◆ Exercise directions ◆
Your answer must be a word-for-word copy of the listing below, minus its pictures.

----- Supplied information -----

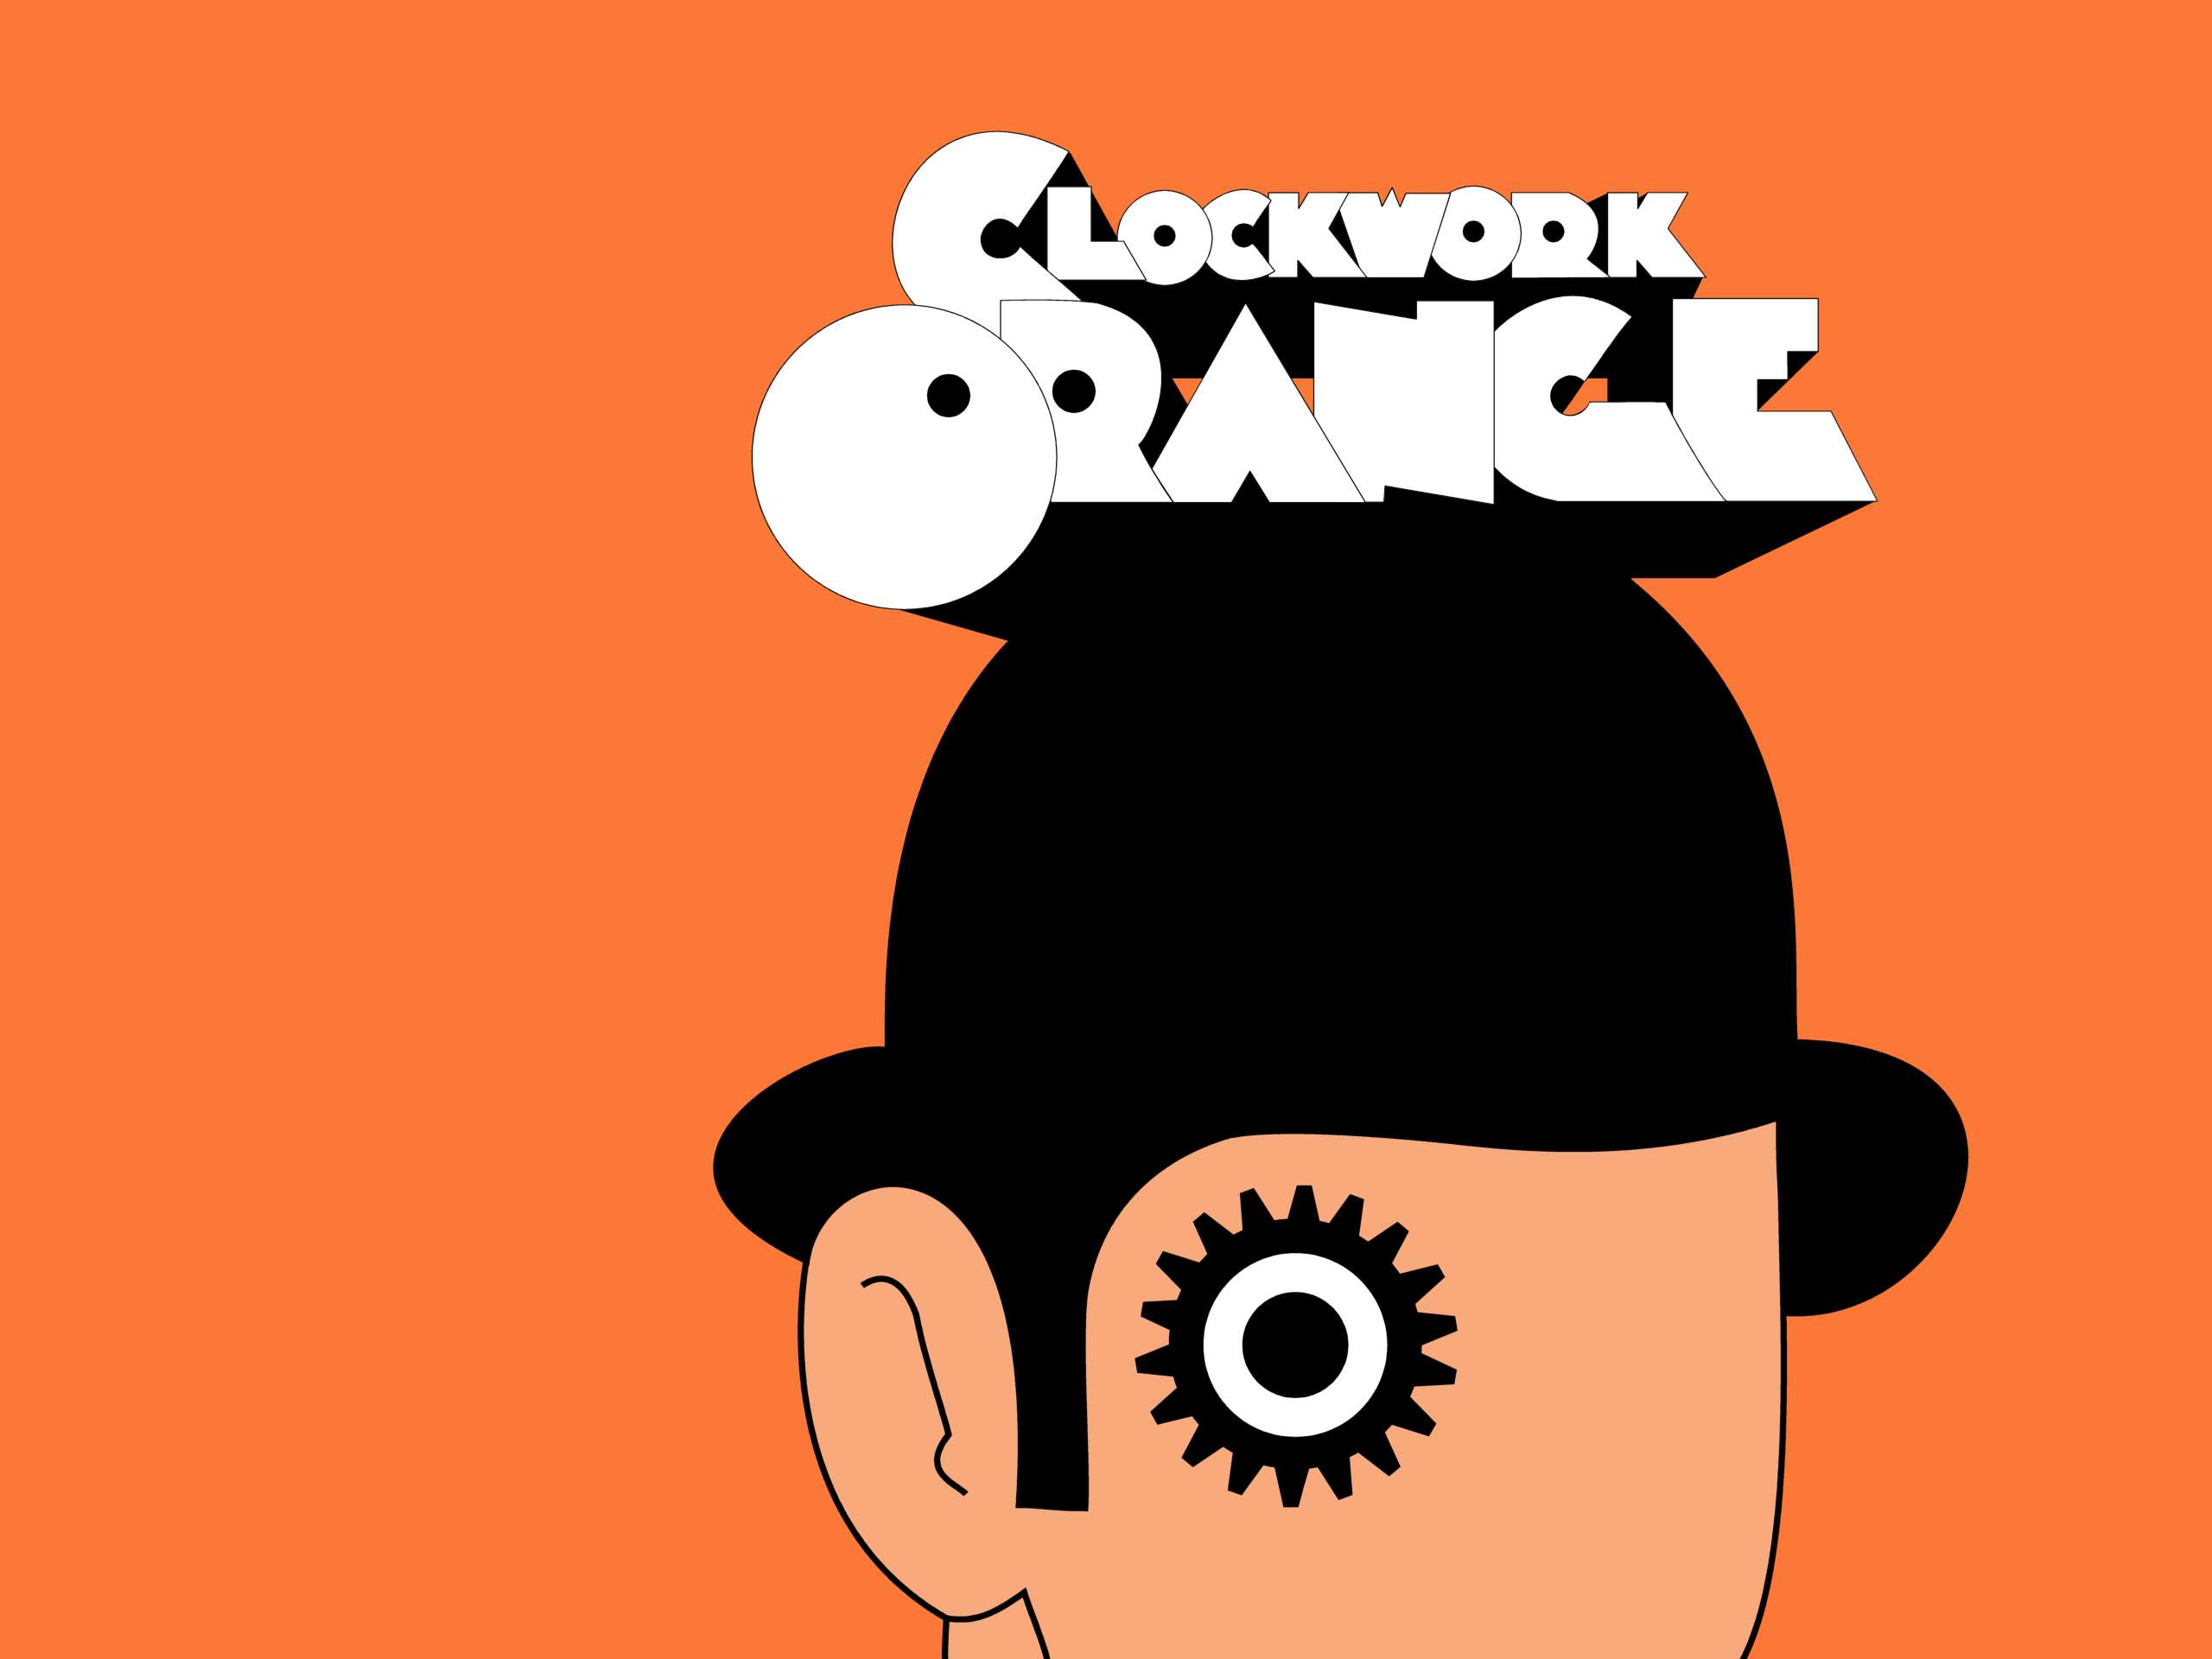 Clockwork Orange, Stanley Kubrick, simple background - desktop wallpaper
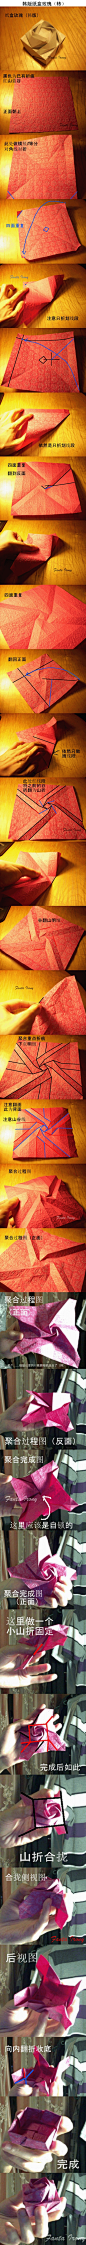 韩版纸盒玫瑰折纸(有点高难度哎)
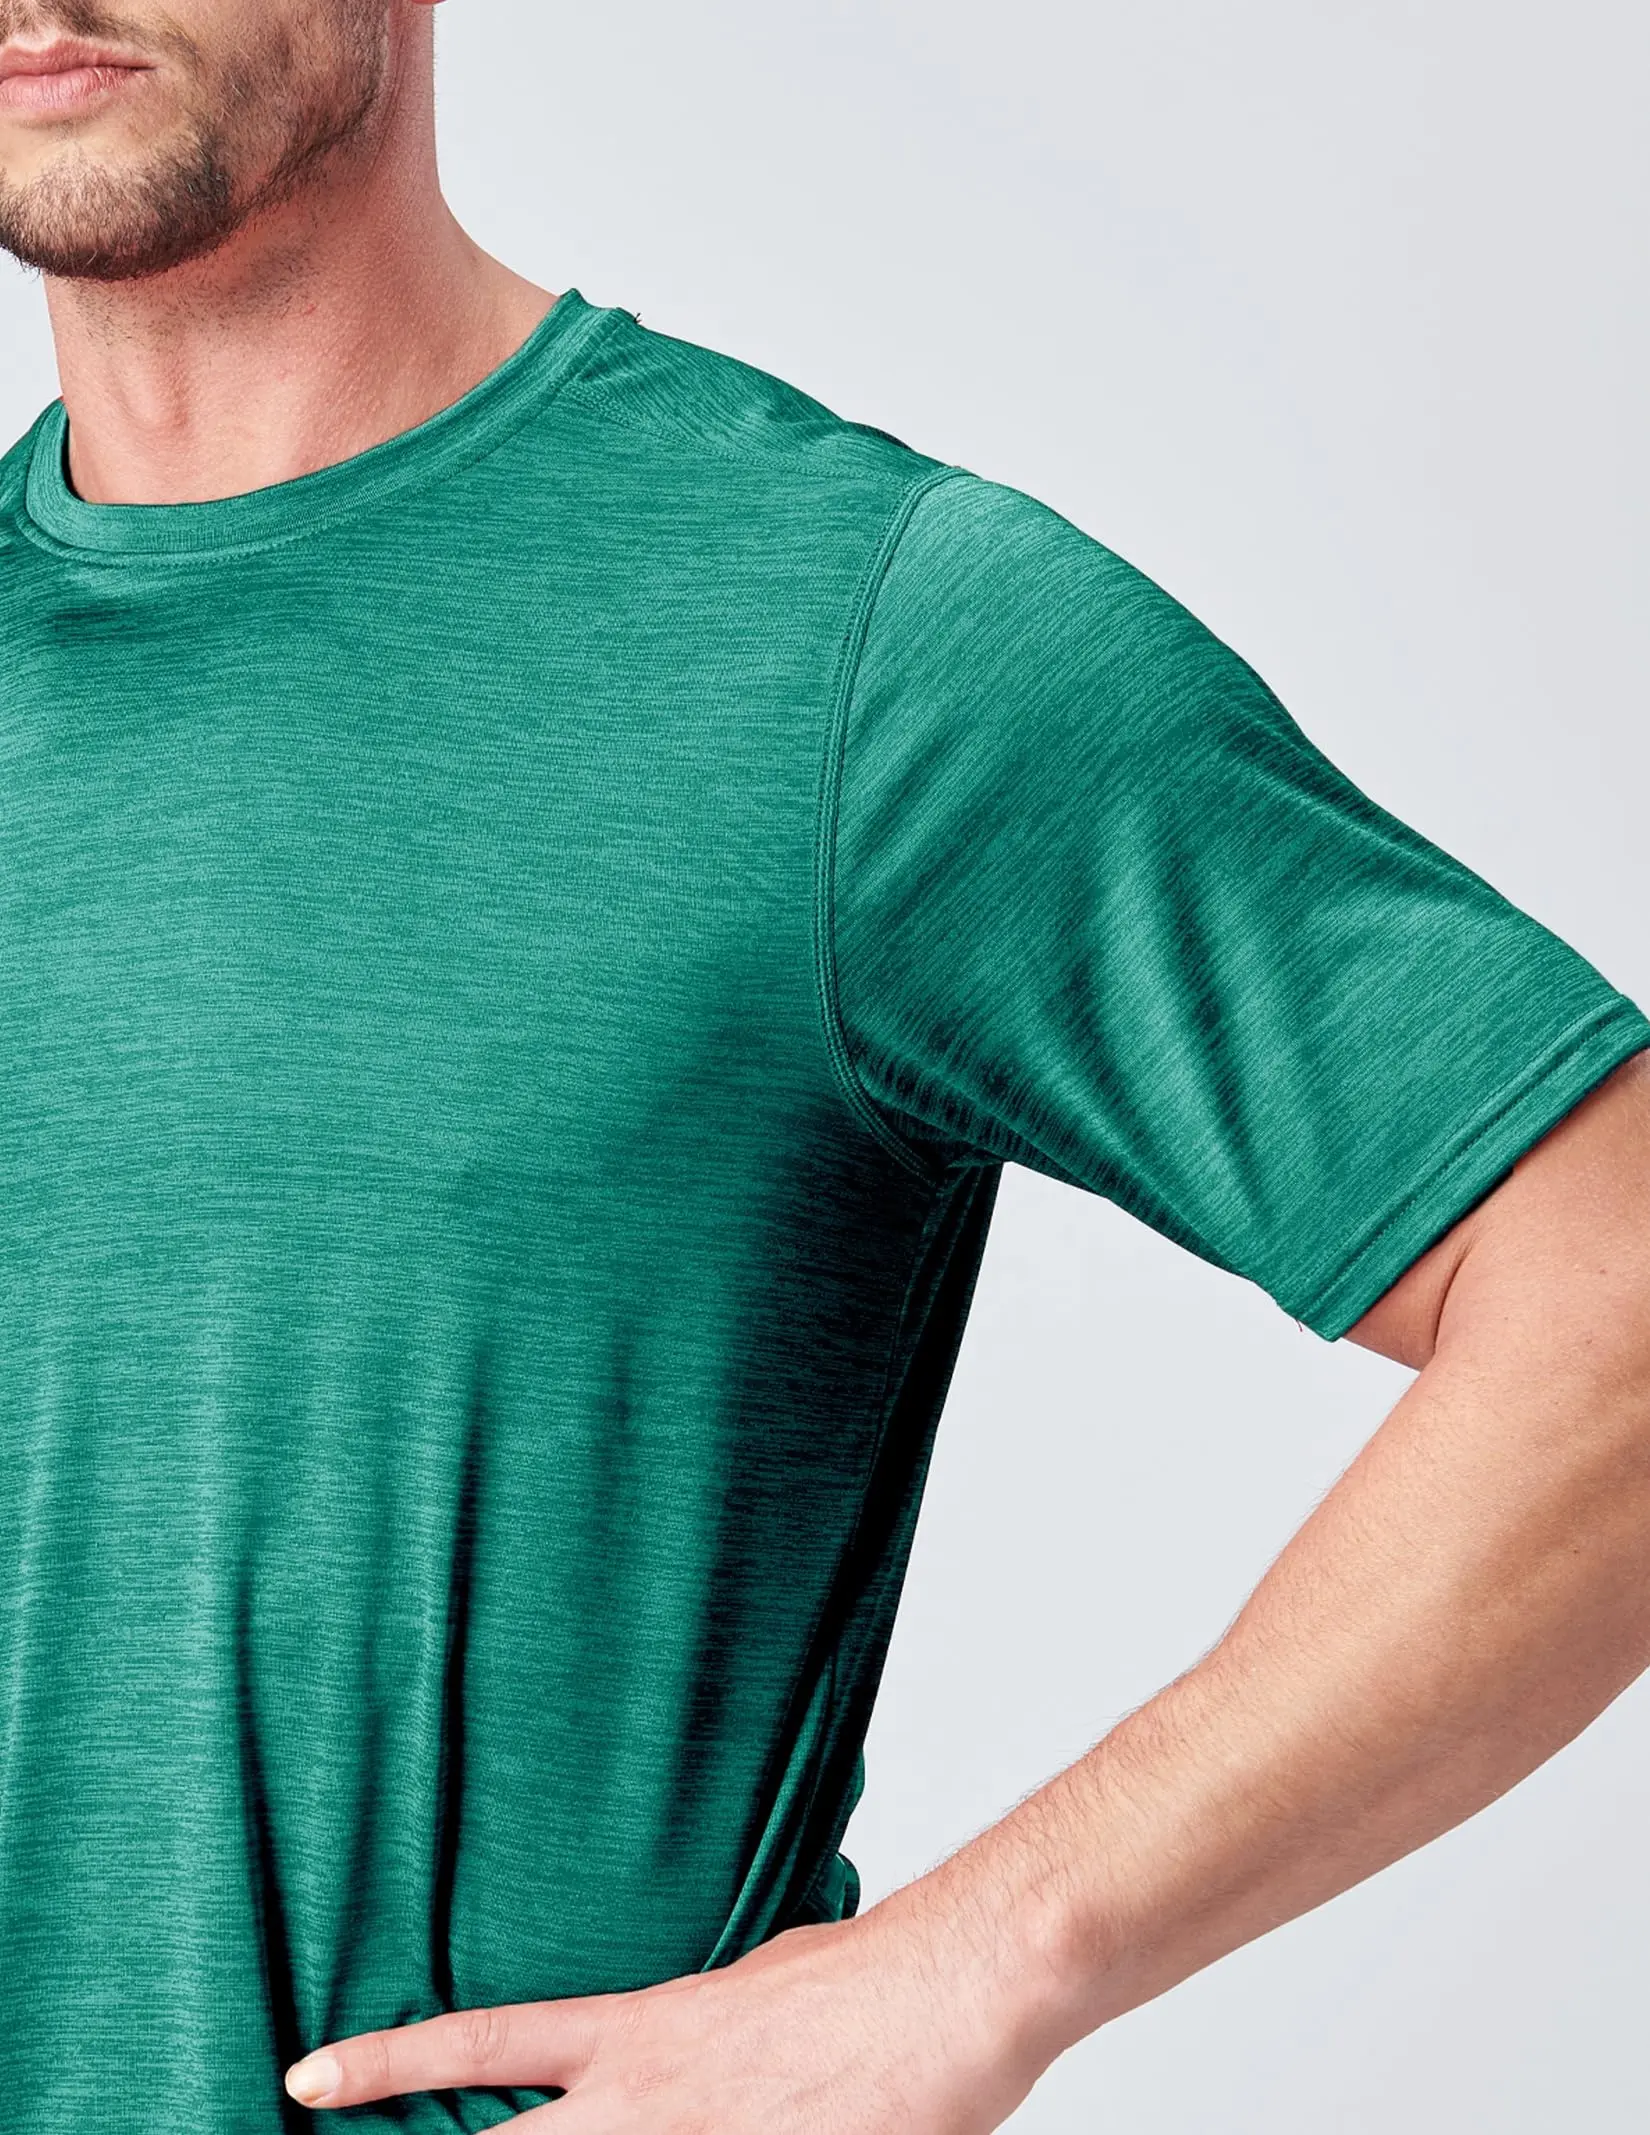 Camiseta deportiva holgada de entrenamiento de algodón de alta elasticidad para hombre, Camiseta deportiva para gimnasio, camiseta con serigrafía, camiseta de ajuste relajado

-----

◆ Finished exercise ◆
 Clockwork Orange, Stanley Kubrick, simple background - desktop wallpaper
 韩版纸盒玫瑰折纸(有点高难度哎)
 Camiseta deportiva holgada de entrenamiento de algodón de alta elasticidad para hombre, Camiseta deportiva para gimnasio, camiseta con serigrafía, camiseta de ajuste relajado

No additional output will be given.